With the Annual Alumnae Reunion Lunch still fresh in my memory, though, I want to focus on the other side of the equation and consider the gifts that friendships, especially lifelong friendships, bring.  The din of talk and laughter in the Dining Room on Reunion Day, Saturday 26 January, spoke volumes (literally, one might say) for the wonderful gift of friendship.  Dozens of women, some regular attenders, others first-timers or decade specials, converged at school to reconnect and reminisce.  They came from all over the country (as they always do) to be there.  Some, who left school perhaps sixty years ago, were given lifts.  Some, from far-flung places, were offered space in spare rooms and on sofa beds so that they could make a weekend of it.  All were drawn by the power of friendship –  the bonds that begin in childhood and are forged in the vivid milieux of our schooldays.   The years peeled away as memories (of misdemeanours, as often as not) and jokes were aired and traded, and stories ripened by years of retelling, like vintage wines.

The Ancient Greeks, whose subtlety of thought in such matters has not persisted into modern times, recognised friendship as a form of love and called it  philia – a love based on shared goodwill.  The inherently reciprocal nature of philia – in contrast to other forms of love, such as passion, which can be one-sided – marks out the root of its special character.   It is never asymmetrical or based on power, even if one friend becomes richer or more successful than the other.  I believe that the essentially equal and reciprocal nature of true friendship is vitally important to young women as they leave school to enter a competitive and often unforgiving world where disinterested support can be hard to find.

Friendship comes at a price, though, both in effort and in forbearance.  Gaining the full benefits involves taking the long view to surmount bumps in the road of relationships.  It entails looking beyond the superficial transactionalism of social media likes to a deeper mutual regard.  It means not sweating the small stuff.  There may be differences of opinion.  Ride them out. There may be quarrels.  Patch them up.  You may feel you are drifting further and further apart.  Travel further.  Make the effort to bridge the gap – going to your School Reunion is a great way to do this!

The push-me-pull-you dynamic of friendship will surely even out across shared lifetimes.   Your A Level results were better than mine, I’m now getting paid more than you.  I help you today with a work experience opportunity for your daughter.  You gave me a helping hand with a loan for my start-up when I was made redundant ten years ago.  We both visit Janet, whom we met when she joined the School in Year 4, because she is having a hard time with her ill partner.

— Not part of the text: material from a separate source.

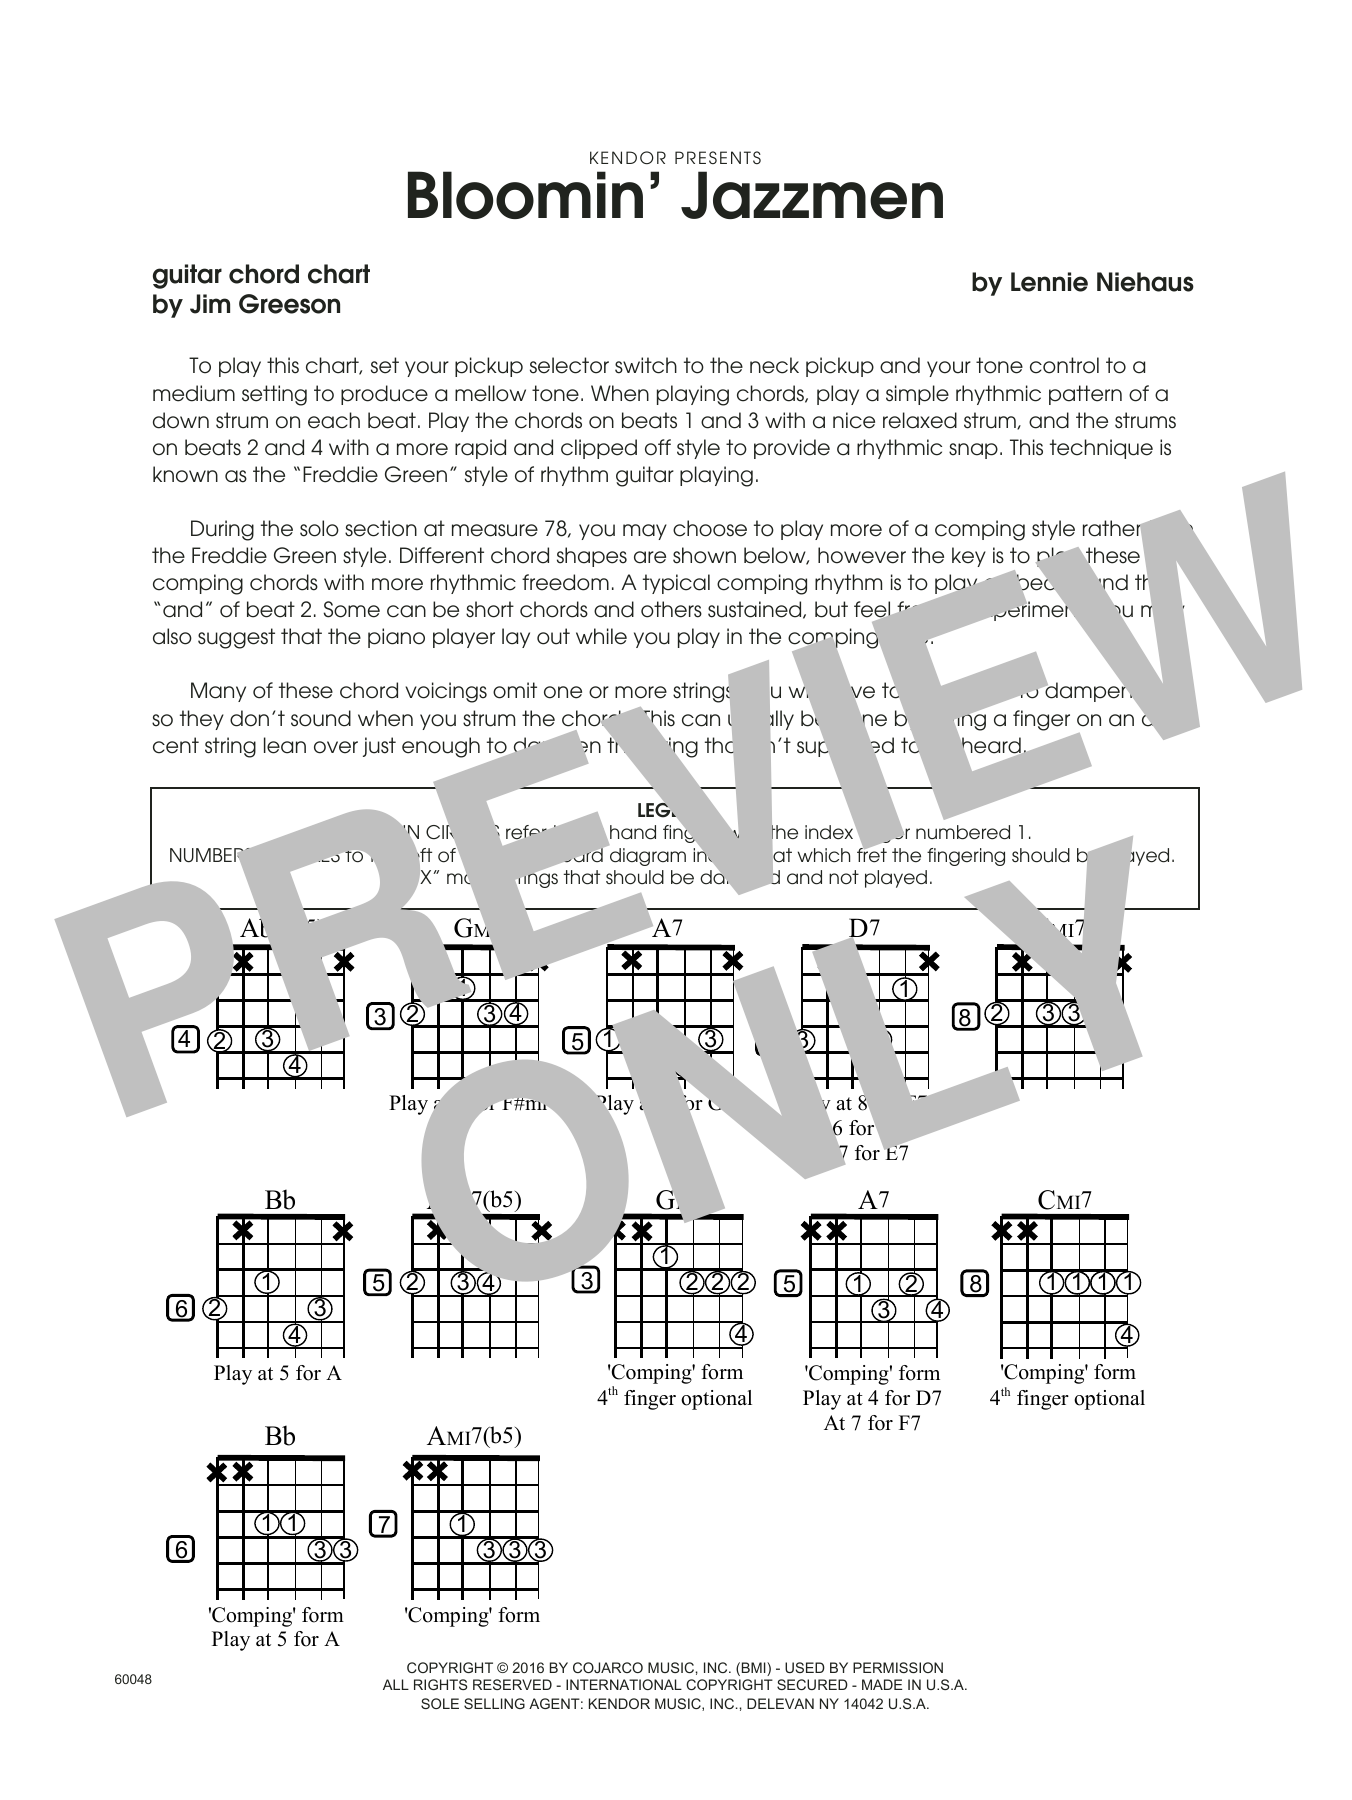 Download Lennie Niehaus Bloomin' Jazzmen - Guitar Chord Chart Sheet Music

Elizabeth Jennings, a poet and practitioner of friendship, summed it up exactly when she wrote:

Two people, yes, two lasting friends.
The giving comes, the taking ends
There is no measure for such things.
For this all Nature slows and sings.

This is the sort of friendship I see in evidence every year at our Reunion and it is one of the reasons that the event has an energy and an atmosphere about it that is unmistakable.  This is the sort of friendship I wish for, for all the girls whose start in life is spent at Northampton High – the Alumnae of the future.  To whom I conclude by saying – don’t measure it, just treasure it.